Of course, to know something intellectually as a fact and to experience it emotionally are two entirely different things. Grief is hard work. We intensely yearn to live in an alternate reality. We have racing hearts and an outburst of tears at any time, even during happy occasions. We lose our appetite, shrivel in size, and sleep the days away. We wake up each day in solitary confinement to be tormented by the loss. Periods of numbness are a short respite; the grief then crushes us under tons of brick rubble as we recall the happy moments. We plead to feel nothing again. The cycle repeats itself.

It’s a special kind of torture. Do we forsake years of happiness to avoid the turmoil of grief? In the heights of grief, the answer to that might be a yes. We know that all relationships end, but we wish for a longer beginning, a longer middle part and for the ending to not have arrived so soon. We wonder how love can bring about such unbearable grief.

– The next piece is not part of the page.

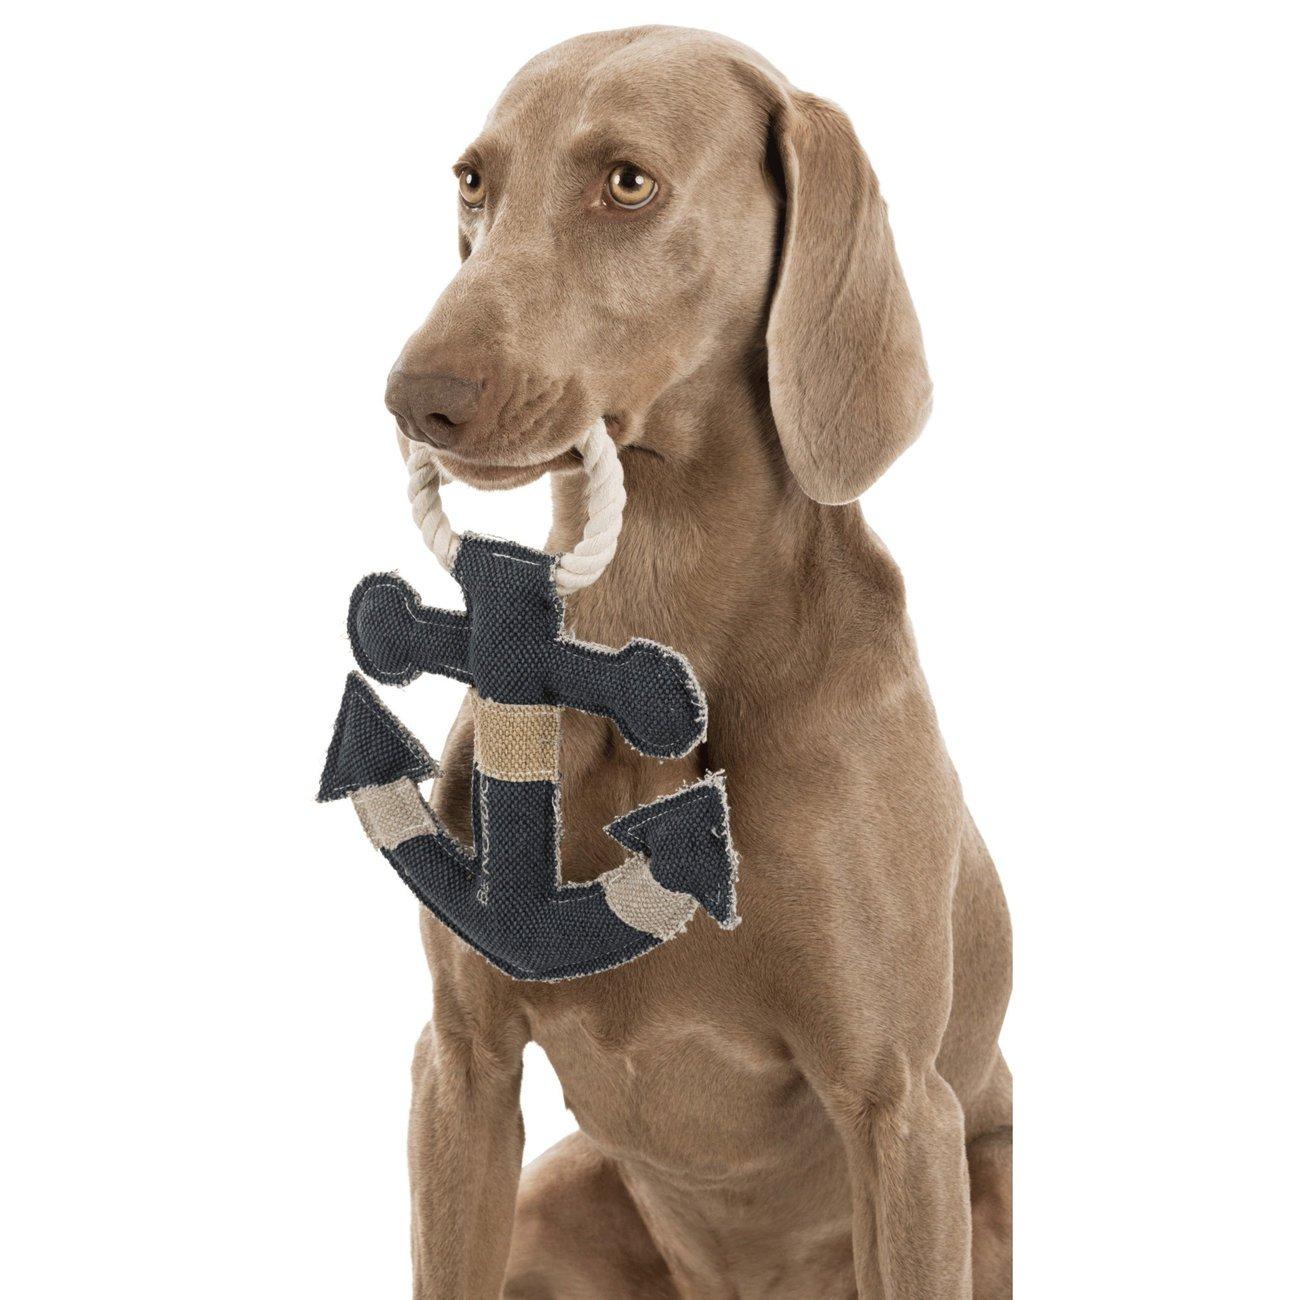 TRIXIE BE NORDIC Anker, Hundespielzeug 35651, Bild 2

Interestingly, studies show that we love because we are capable of forming close relationships; as a result, we have to adapt when separation occurs. From the research, it seems that without an ability to maintain an emotional bond with another, we would not grieve. We are creatures of habit, and loved ones often play a role in our daily routine. When we cannot pour out love in the way we’re used to, we grieve.

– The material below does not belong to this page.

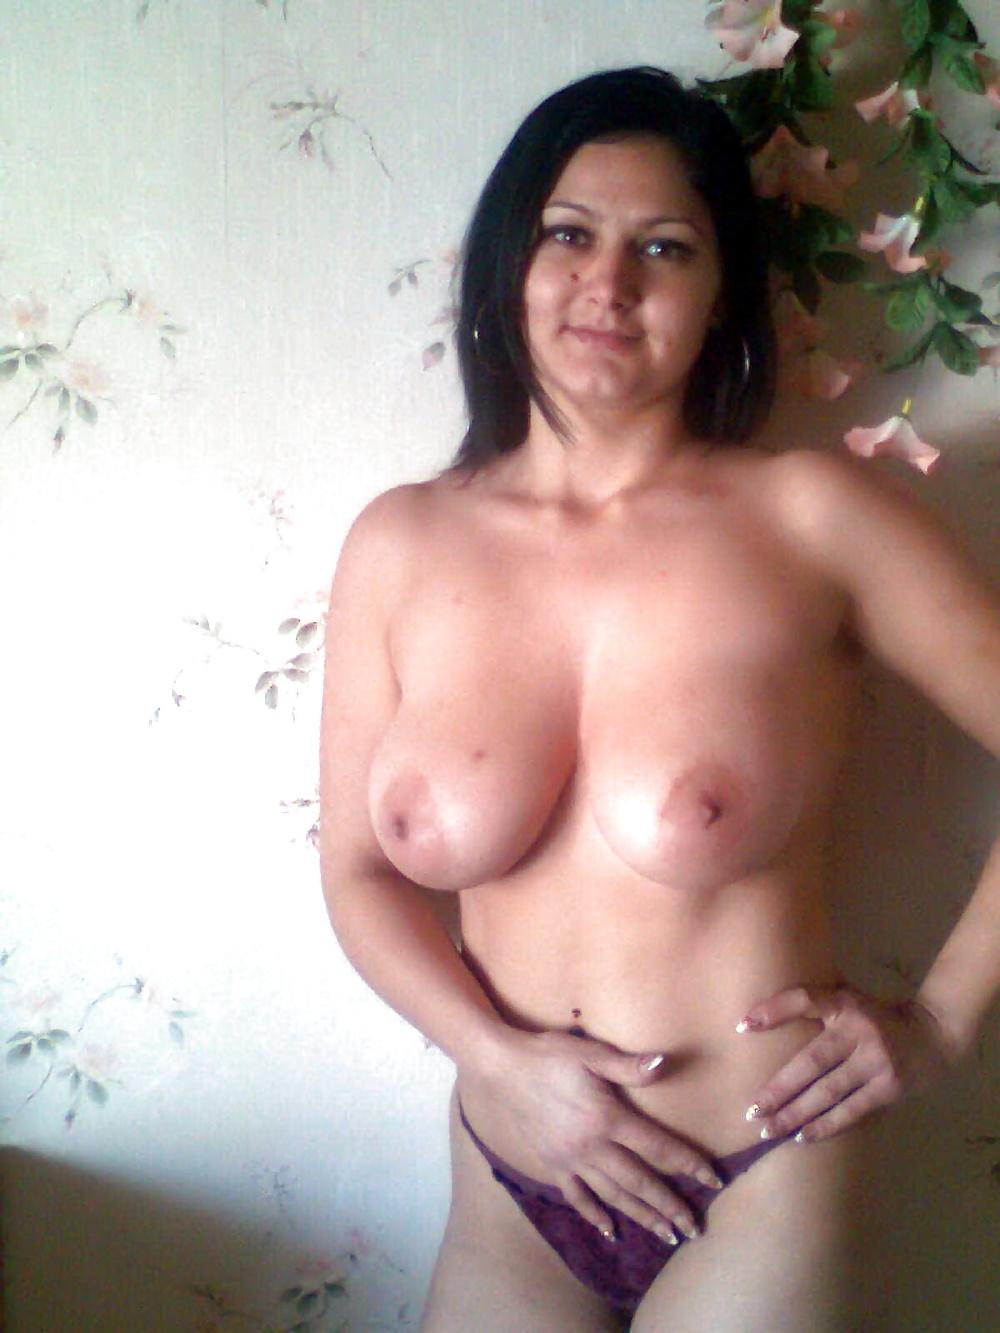 my big titty ex-girlfriend posing naked

Adapting to a new life is part of grief work. As the reality of what the loss means unfolds, our gaping wounds swell up and infect deeper layers of our cells with each passing day. We search for the lost person, dial their phone number, and wait for a message. Have you ever heard someone say to another, “I can’t imagine my life without you”? This may mean that any separation will disrupt the person’s world. Life does not stop without our loved one, no matter how much we think it should. We have to find a way to continue to live. We have no choice. However, it may make us question the very foundation of our own world and the different pieces of ourselves never quite fit together in the same way again.

Clearly, this is not supposed to be a happy ending. We love, we lose, and then love all over again. Is that insanity or courage? It takes tremendous courage to love again knowing that love can become grief in an instant. Is there any other way to live? To live is to love is to suffer. Maybe the tears that we cried in the midst of despair are replenished in our life fountains in moments of joy. Without joy, there is no pain. Without pain, there is no joy. We bask in joy much more when we have known sorrow.

Moments, no matter how trivial, cannot be taken for granted. We carry gratitude in our hearts. Everything fades away. But the longing to hold our loved one tight and have one more conversation never quite fades away.